対象の医薬品である「セルフメディケーション対象商品(スイッチOTC医薬品)」はドラックストアだけではなく、コンビニでも販売しています。また、セルフメディケーション対象商品は医師の処方箋が必要ないためいつでも購入できます。ただし、条件を満たしていなければ利用できない制度です。
セルフメディケーション制度は自動で適用されるわけではないため、確定申告時に以下の書類をセットにして提出しましょう。
- 確定申告書(セルフメディケーション税制にあてはめて計算してあること)
- セルフメディケーション対象商品を購入した明細書
- 一定の取り組みを行ったことについて証明できる書類
セルフメディケーション税制が利用できる場合
セルフメディケーション制度は以下の条件を満たしていなければ利用できません。
- 所得税・住民税を納付している
- 同じ年の1月1日から12月31日までに対象となるセルフメディケーション対象商品(スイッチOTC医薬品)を12,000円以上購入している
- 下記のいずれかを受けていること
- 健康保険組合や協会けんぽなどが実施する人間ドックや各種検診などの健康診査
- 市区町村が行う健康増進活動の一環である健康診査やがん検診
- 勤務先が行う定期健康診断
- 定期の予防接種やインフルエンザワクチン予防接種
- 特定保健指導や特定健康診査
さらに、一定の取り組みを証明するには、確定申告のときに必要な書類を提出しましょう。たとえば、予防接種を受けたなら領収書、勤務先の定期健康診断を受けたなら結果が該当します。

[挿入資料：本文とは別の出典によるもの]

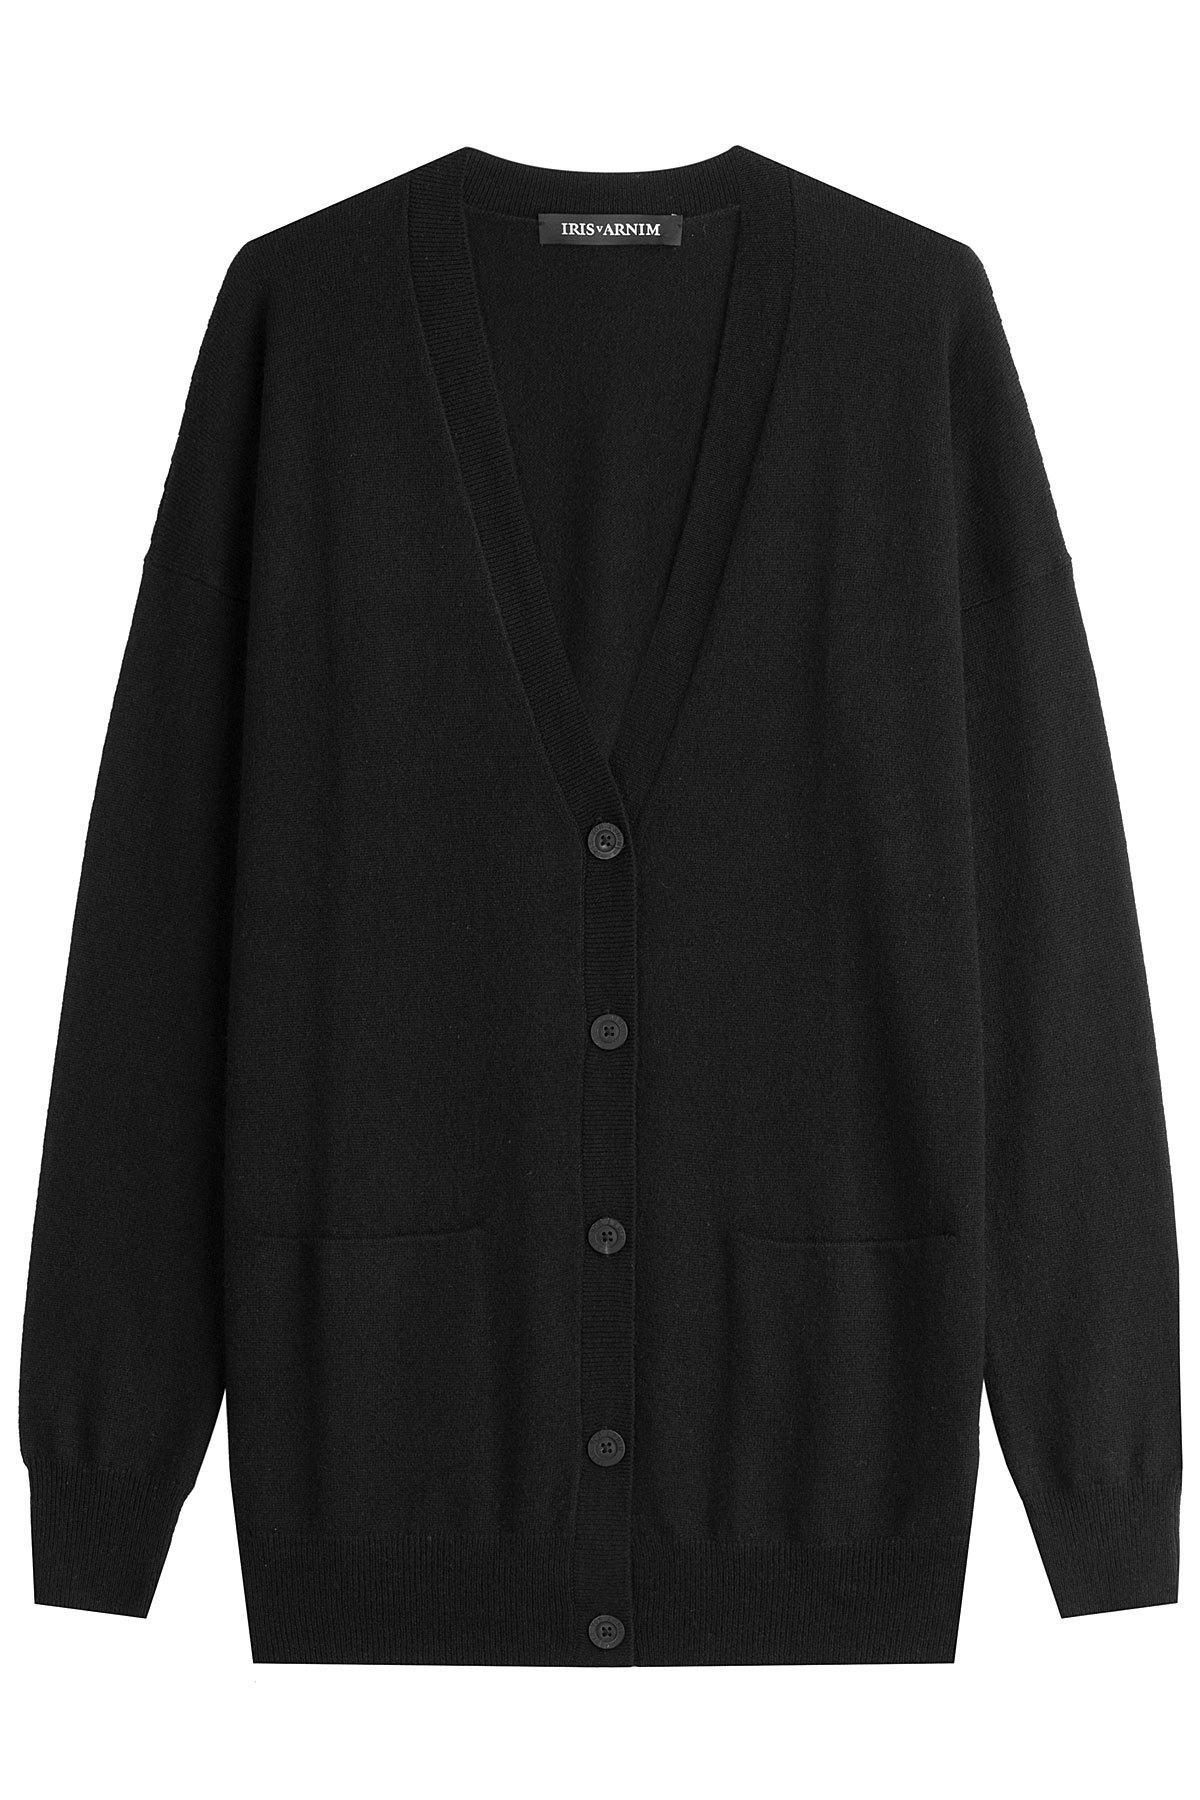 iris von arnim cashmere cardigan in black lyst. Black Bedroom Furniture Sets. Home Design Ideas

ただし、それぞれの書類に以下の3つが記載されていなければいけません。
- 氏名
- 取り組みを行った年(確定申告を行う年と同一であること)
- 事業を行ったものの名称(勤務先名や市区町村名)または医療機関名や医師の名前
また、一定の取り組みを行う方は「申告者」です。そのため、生計を一緒にしている親族の方が取り組みを行っていなくても申告できます。
対象となる医薬品は?
スイッチOTC医薬品はパッケージに識別マークがついている商品や、特定の88成分を含む約1,800品目がセルフメディケーション税制の対象です。たとえば、成分で見るとアシクロビル・イブプロフェンピコノール・トリアムシノロンアセトニドなど、商品ではアレグラFX・イブクイック頭痛薬DX・ガストール細粒などがあります。
また、レシートにある商品に「★」マークが付いていると対象の商品です。購入したときはレシートを確認して、★マークがあれば確定申告まで保管しておきましょう。
医療費控除との併用はできない
セルフメディケーション制度は医療費控除制度の一つです。そのため、医療費控除とセルフメディケーション制度の併用はできません。1月1日から12月31日までで医療費が100,000円を超え、かつ、セルフメディケーション対象商品を12,000円以上購入した場合、どちらの制度を利用するか選ばなければいけません。
このとき治療のために購入したスイッチOTC医薬品は医療費に、セルフメディケーション制度の対象商品はセルフメディケーション制度に含めて計算しましょう。
まとめ
健康に気をつけていたりケガをしないように気をつけていたりしても、治療が必要になることがあります。医療費は治るまでかかるため、場合によっては高額になることも珍しくありません。
そのようなとき、医療費控除を活用すると税金対策になります。自分で手続きしなければなりませんが、申告をすると還付金として戻ってくるため必要な書類を準備して確定申告をしましょう。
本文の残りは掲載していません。